My approach is to use letter frequencies:
def letProb( c ):
""" if c is an alphabetic character,
we return its monogram probability (for english),
otherwise we return 1.0 We ignore capitalization.
Adapted from
http://www.math.cornell.edu/~mec/2003-2004/cryptography/subs/frequencies.html
"""
if c == 'e' or c == 'E': return 0.1202
if c == 't' or c == 'T': return 0.0910
if c == 'a' or c == 'A': return 0.0812
if c == 'o' or c == 'O': return 0.0768
if c == 'i' or c == 'I': return 0.0731
if c == 'n' or c == 'N': return 0.0695
if c == 's' or c == 'S': return 0.0628
if c == 'r' or c == 'R': return 0.0602
if c == 'h' or c == 'H': return 0.0592
if c == 'd' or c == 'D': return 0.0432
if c == 'l' or c == 'L': return 0.0398
if c == 'u' or c == 'U': return 0.0288
if c == 'c' or c == 'C': return 0.0271
if c == 'm' or c == 'M': return 0.0261
if c == 'f' or c == 'F': return 0.0230
if c == 'y' or c == 'Y': return 0.0211
if c == 'w' or c == 'W': return 0.0209
if c == 'g' or c == 'G': return 0.0203
if c == 'p' or c == 'P': return 0.0182
if c == 'b' or c == 'B': return 0.0149
if c == 'v' or c == 'V': return 0.0111
if c == 'k' or c == 'K': return 0.0069
if c == 'x' or c == 'X': return 0.0017
if c == 'q' or c == 'Q': return 0.0011
if c == 'j' or c == 'J': return 0.0010
if c == 'z' or c == 'Z': return 0.0007
return 1.0
Also I use this formula:
def list_to_str( L ):
""" L must be a list of characters; then,
this returns a single string from them
"""
if len(L) == 0: return ''
return L[0] + list_to_str( L[1:] )
And this:
def rot(c, n):
""" rot rotates c, a single character forward by n spots in the
alphabet
input: a single character
input: a non-negative integer n between 0 and 25
output: c forward by n spots in the alphabet
"""
if 'a' <= c <= 'z':
neword = ord(c) +n
if neword > ord('z'):
neword = neword - 26
elif 'A' <= c <= 'Z':
neword = ord(c) + n
if neword > ord('Z'):
neword = neword - 26
else:
neword = ord(c)
return chr(neword)
And finally this:
def decipher( S ):
"""
"""
L = [[rot(c, n) for c in S] for n in range(26)]

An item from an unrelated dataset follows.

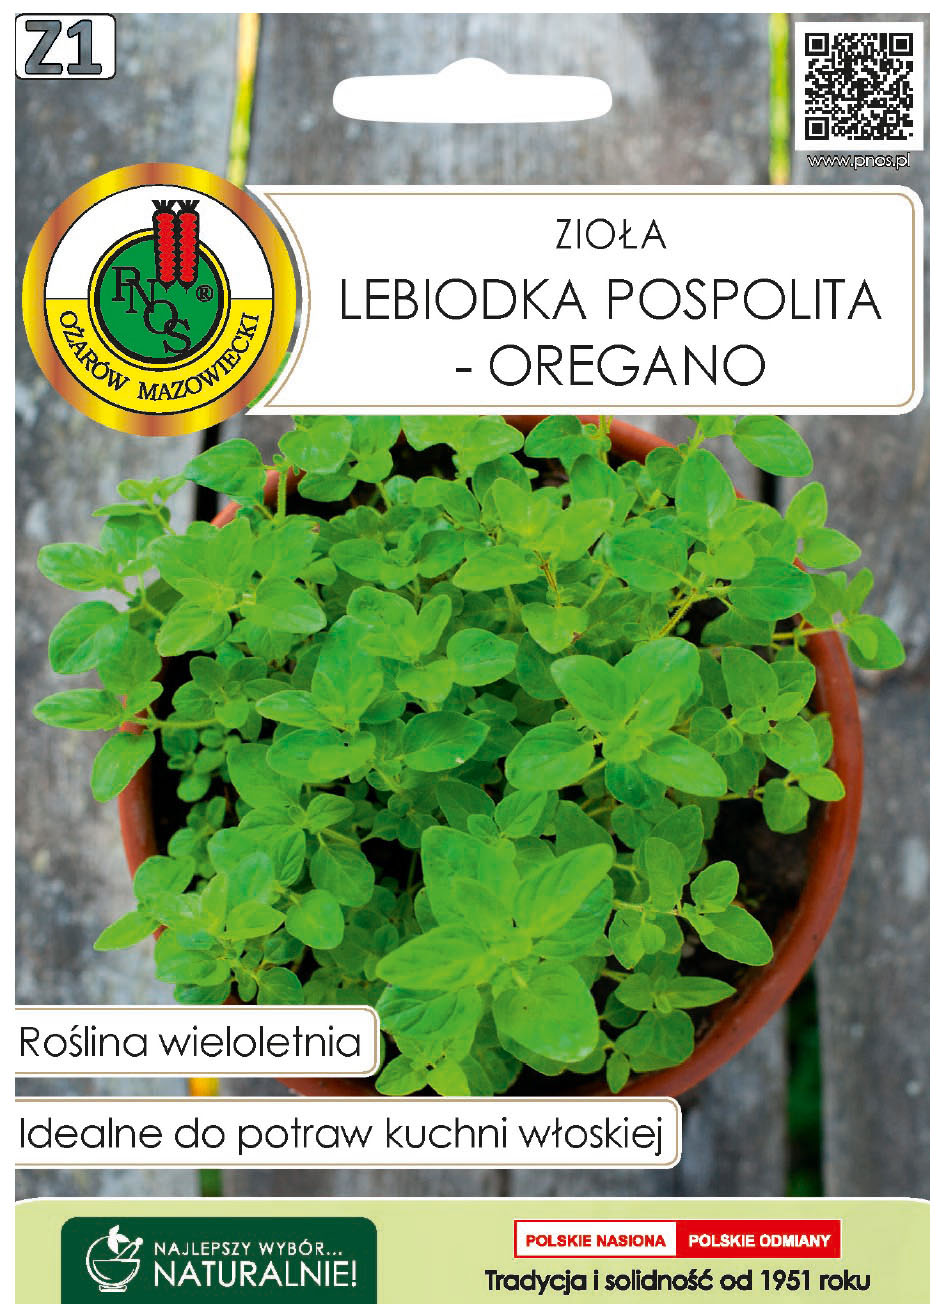 Lebiodka pospolita oregano to roślina wieloletnia, mrozoodporna, o pokładających się pędach.
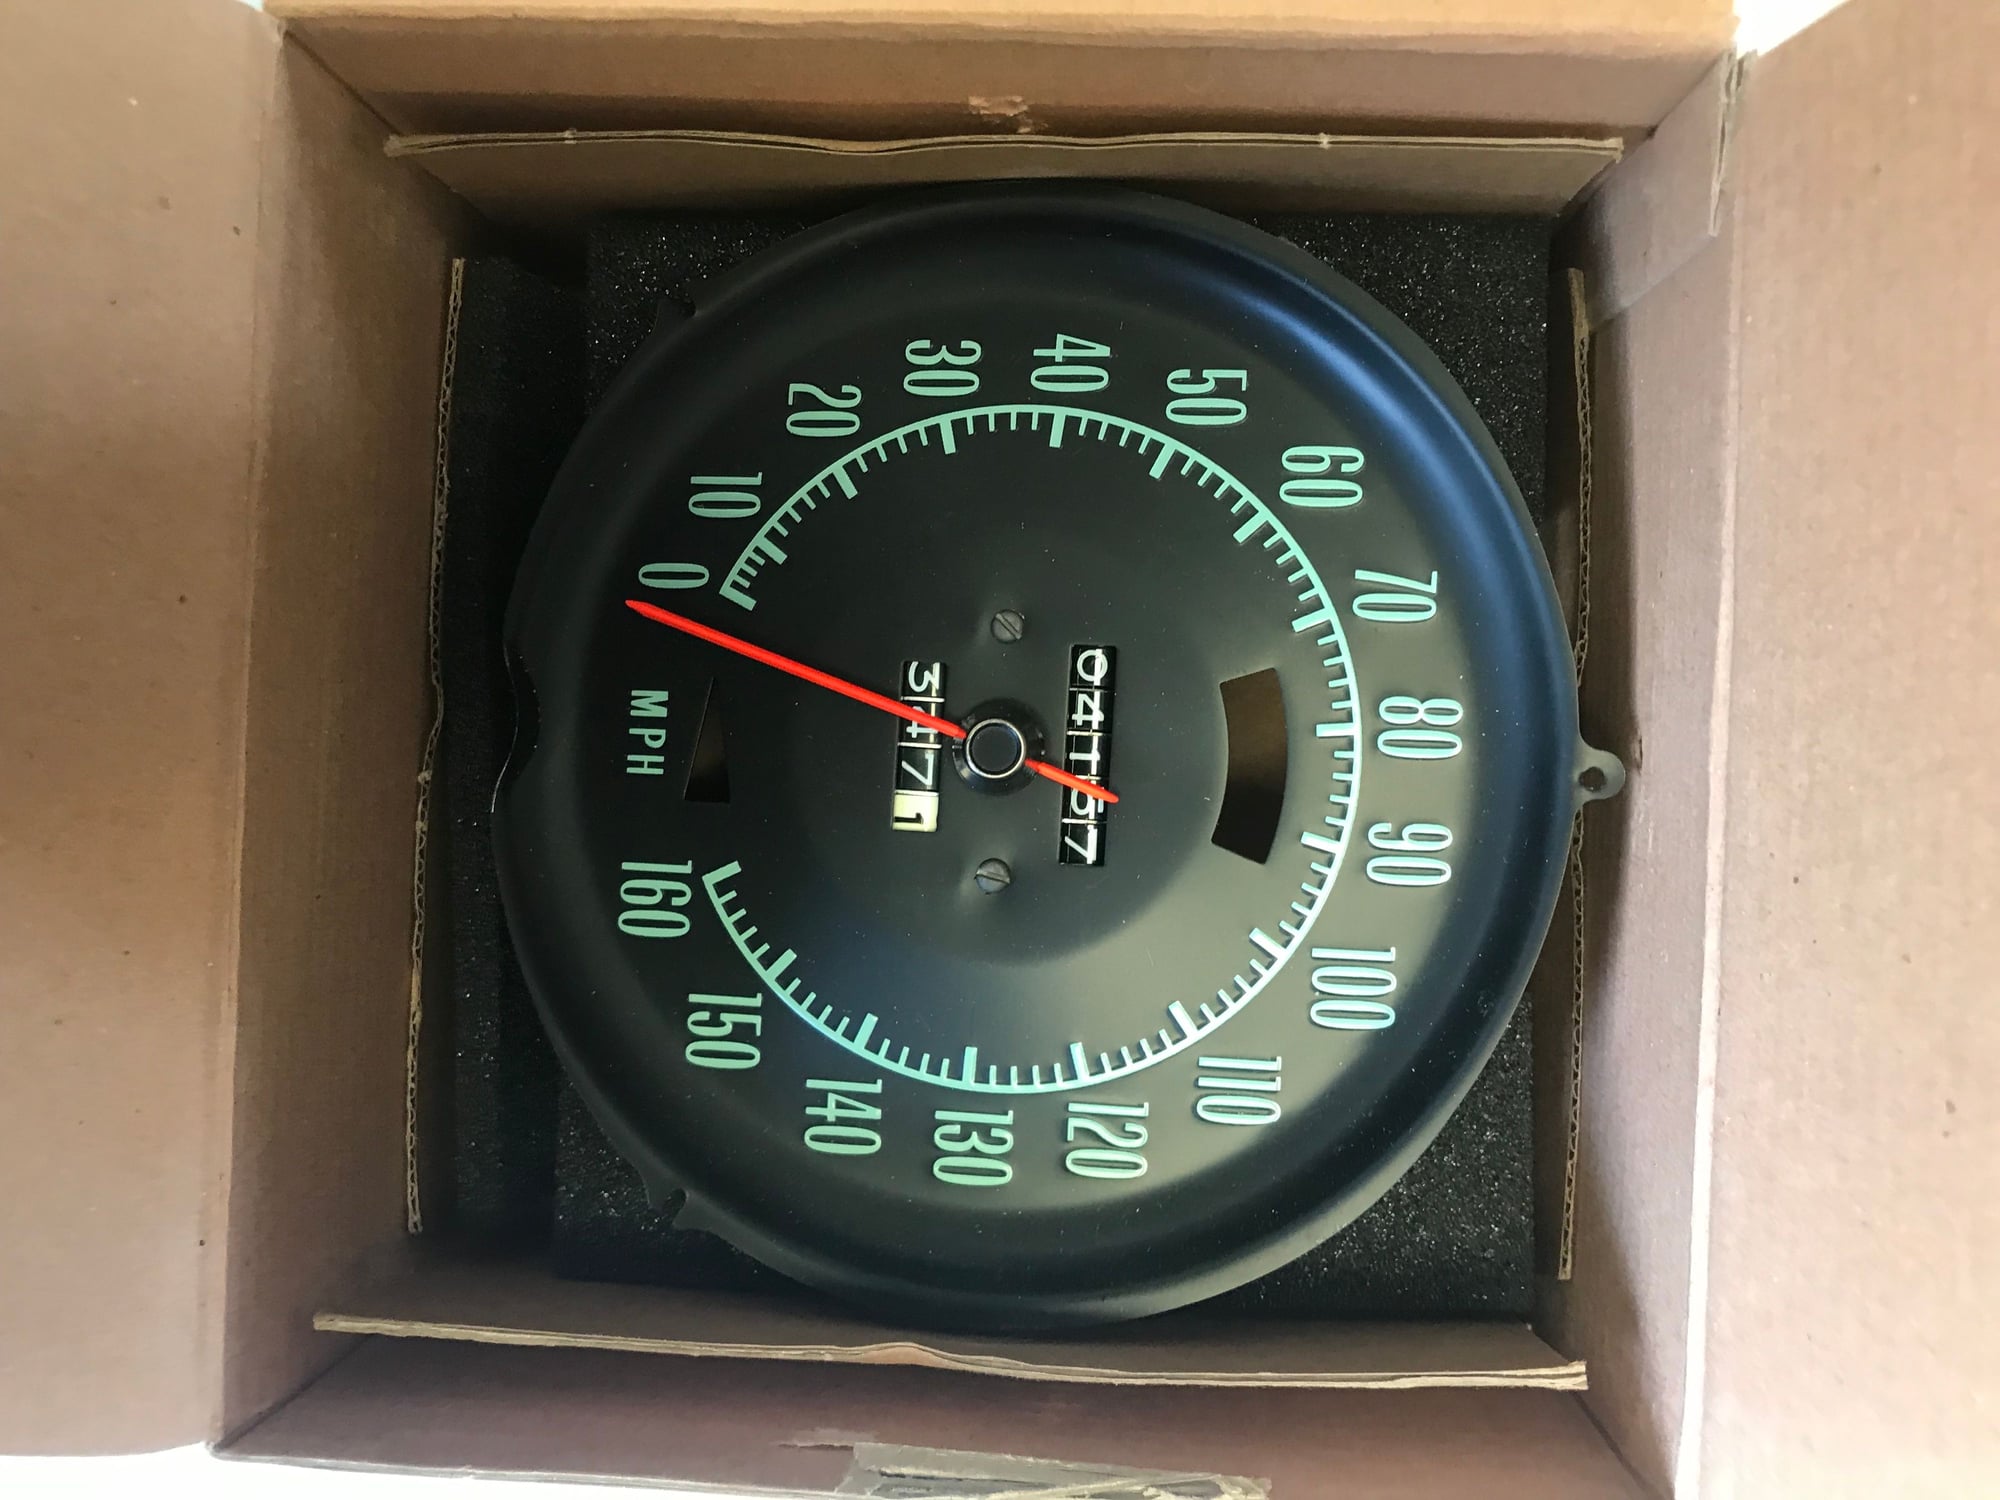 FS (For Sale) 68 speedometer Like new 416 Miles - CorvetteForum ...

LoL = [[sum(letProb(c)) for letter in encoding] for encoding in L ]
L = max(LoL)
return list_to_str(L)
The first two formulas are good, but in the final formula there is something wrong, for sure in the sentence:
LoL = [[sum(letProb(c)) for letter in encoding] for encoding in L ]
TypeError: 'float' object is not iterable